Best if you want a mature, enterprise-grade data observability platform.

  • Strong in freshness, volume, schema, lineage, anomaly detection
  • Good for warehouse-centric stacks
  • Great if you want alerting with less engineering effort

2) Datadog Data Observability

Best if you already use Datadog for infra/app monitoring.

  • Unified monitoring across apps, infra, and data
  • Good for teams wanting one tool for everything
  • Freshness checks and pipeline monitoring fit well into existing ops workflows

3) Bigeye

Good observability platform with a focus on data quality + monitoring.

  • Useful for freshness, distribution drift, and anomaly detection
  • Works well for analytics engineering teams
  • Often compared with Monte Carlo

4) dbt tests + scheduler alerts

Best lightweight/low-cost option if your needs are mainly freshness SLA monitoring.

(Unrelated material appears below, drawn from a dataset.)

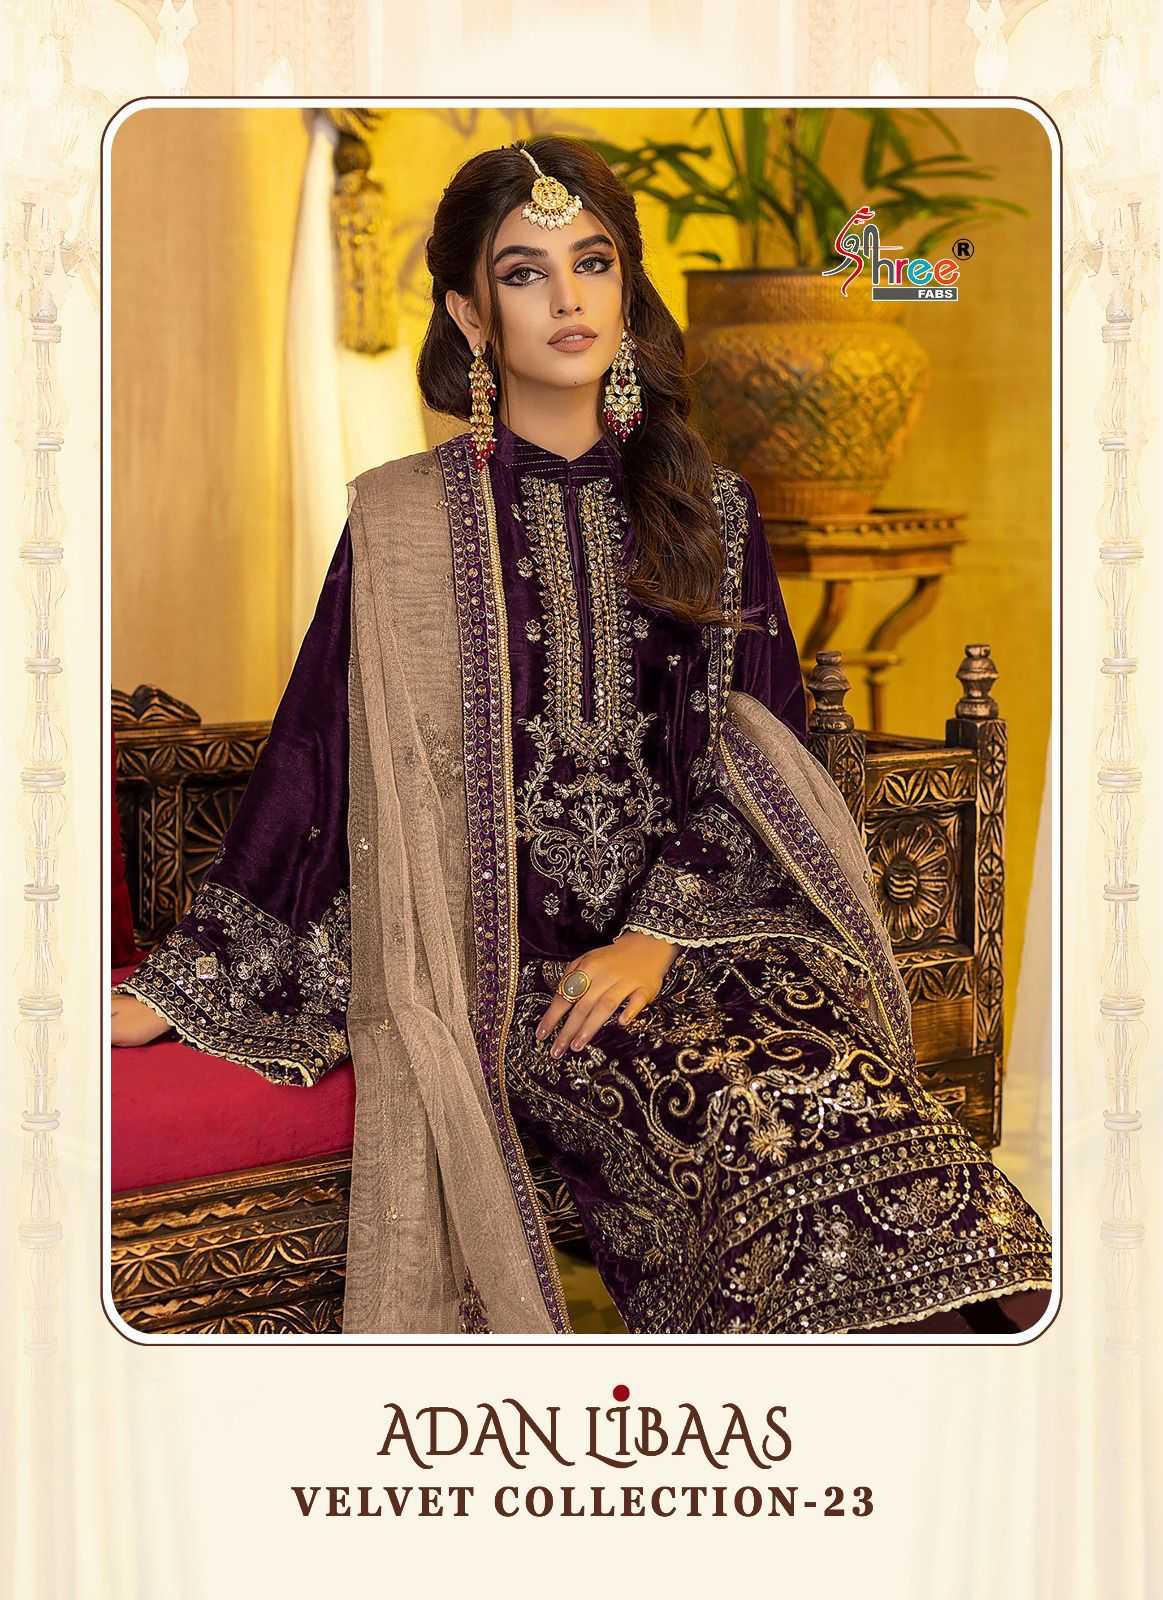  adan libaas velevt collection 23 by shree fab designer winter wear unstitch salwar kameez

  • Use dbt source freshness tests
  • Add tests for row counts, nulls, uniqueness, etc.
  • Pair with Airflow/Dagster/Prefect alerts
  • Cheap and flexible, but less “observability” and more “monitoring”

5) Great Expectations / Soda

Best if you want data quality checks and some monitoring, especially in code-first workflows.

  • Easy to define expectations/tests
  • Good for CI/CD and pipeline validation
  • Freshness monitoring is possible, though not as turnkey as dedicated observability tools

6) Elementary for dbt

Great if you’re already using dbt and want observability on top of it.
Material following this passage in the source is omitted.